| Has there anyone bold enough to try this in their shops? My cubemate just got through telling me that at his last shop, they had bare copper boards (no HASL, no OSP, no nothing), with minimal solderability problems. | Is your cubemate the same guy who told me I could drive from Houston to New Orleans in three hours, 'cause he does it all the time? Or the one who says he shoots in the low 80's but can't par a hole to save his lif when you finally get out on the golf course? Smells like a little "embellishment" going on here.
I did have boards with a copper finish and no OSP. The only thing protecting the copper from oxidation was the Cu-chromate layer on the foil.

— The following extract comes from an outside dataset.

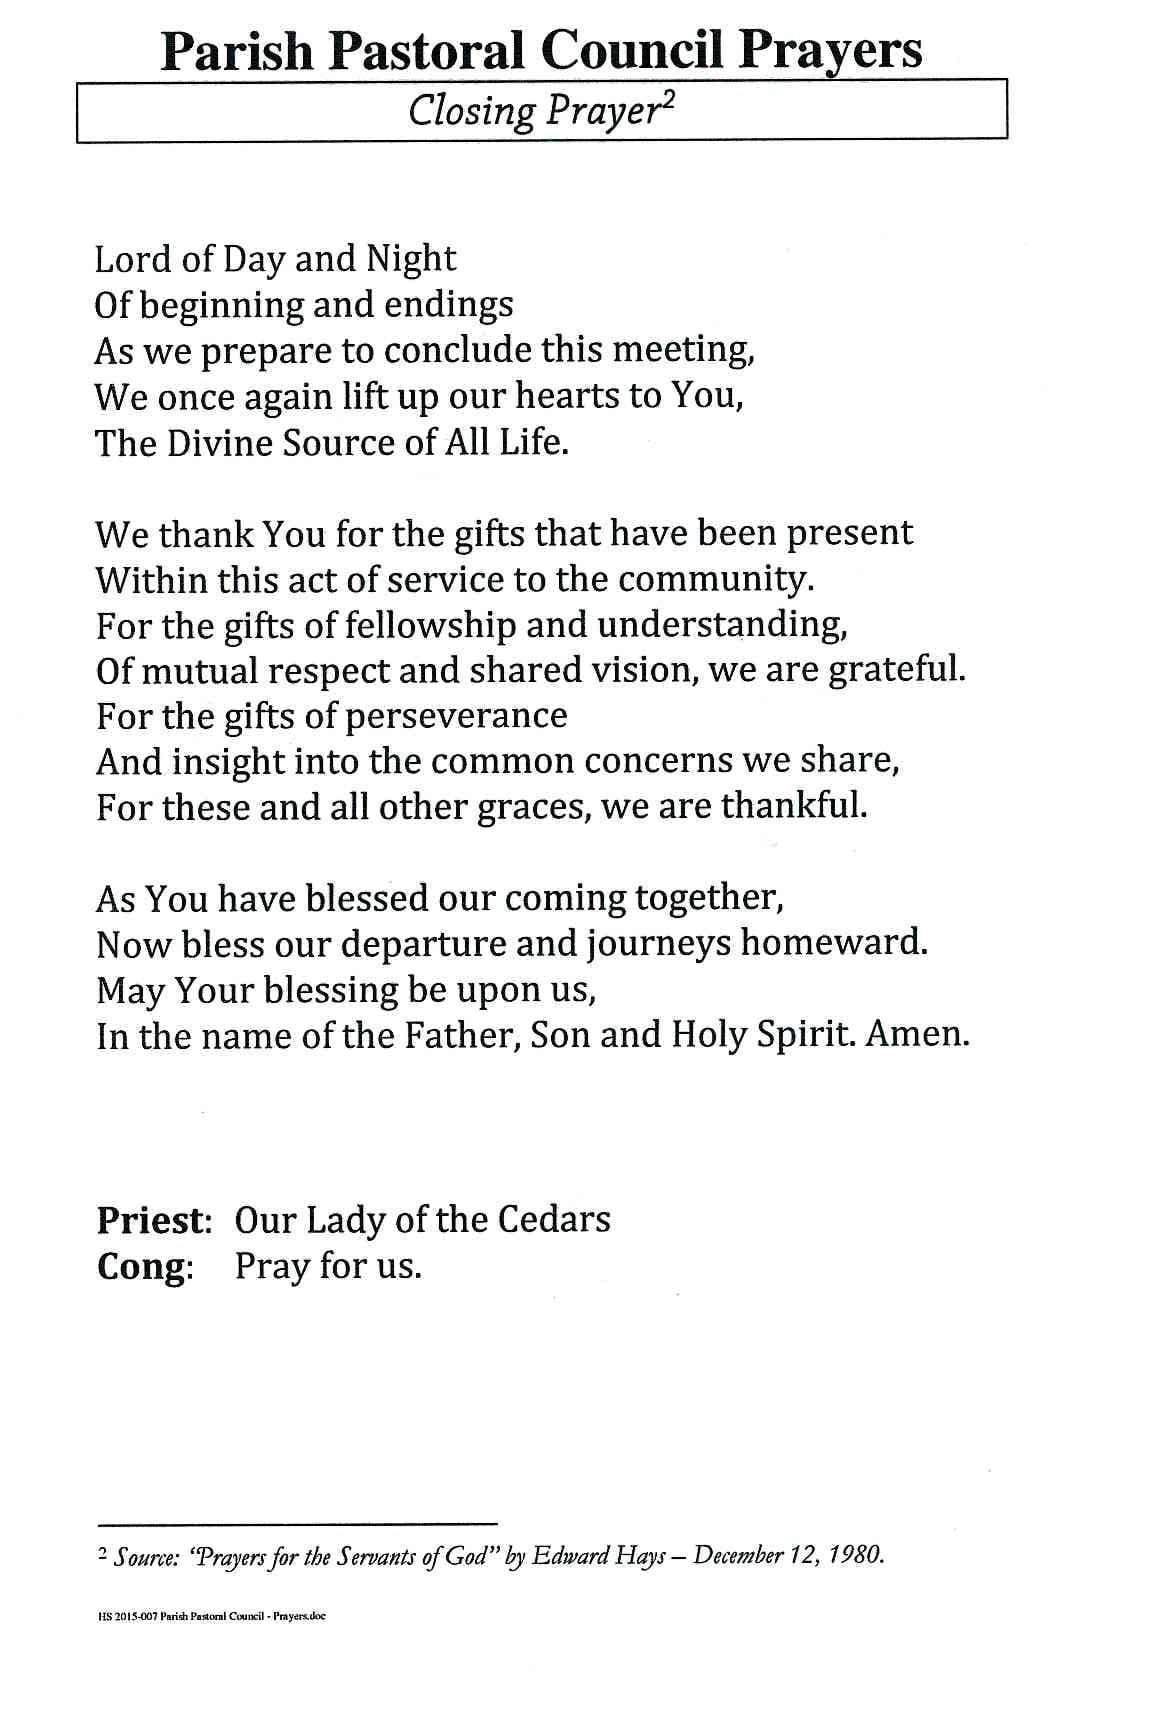 Parish Council Prayers 2015-3.jpg

These are the puppies that I frequently have referred to as the "bitch boards." The ones that only the Alpha 310B flux could solder. The ones used in our reduced purity nitrogen trials that caused defect to triple when the nitrogen feed in the wave was reduced from near 100% purity to 97% purity. The ones that exemplify that fine line between cost-effective and totally unusable (s)crap.
I guess it comes down to what you define as "minimal" solder problems. Then there's the school of thought that if you don't see the defect, and don't record the defect, then it's really not a defect, right? (No offense to your cubemate; I'm referring to a shop that I once worked in.)
So yeah, you can, under the right conditions, skip the protectant, but I think it would be highly unadvisable. If it were a realistic process, some big guys in highly competitive markets (like the Motorolas or Compaqs of the world) would be doing it and publishing papers about the great benefits of it.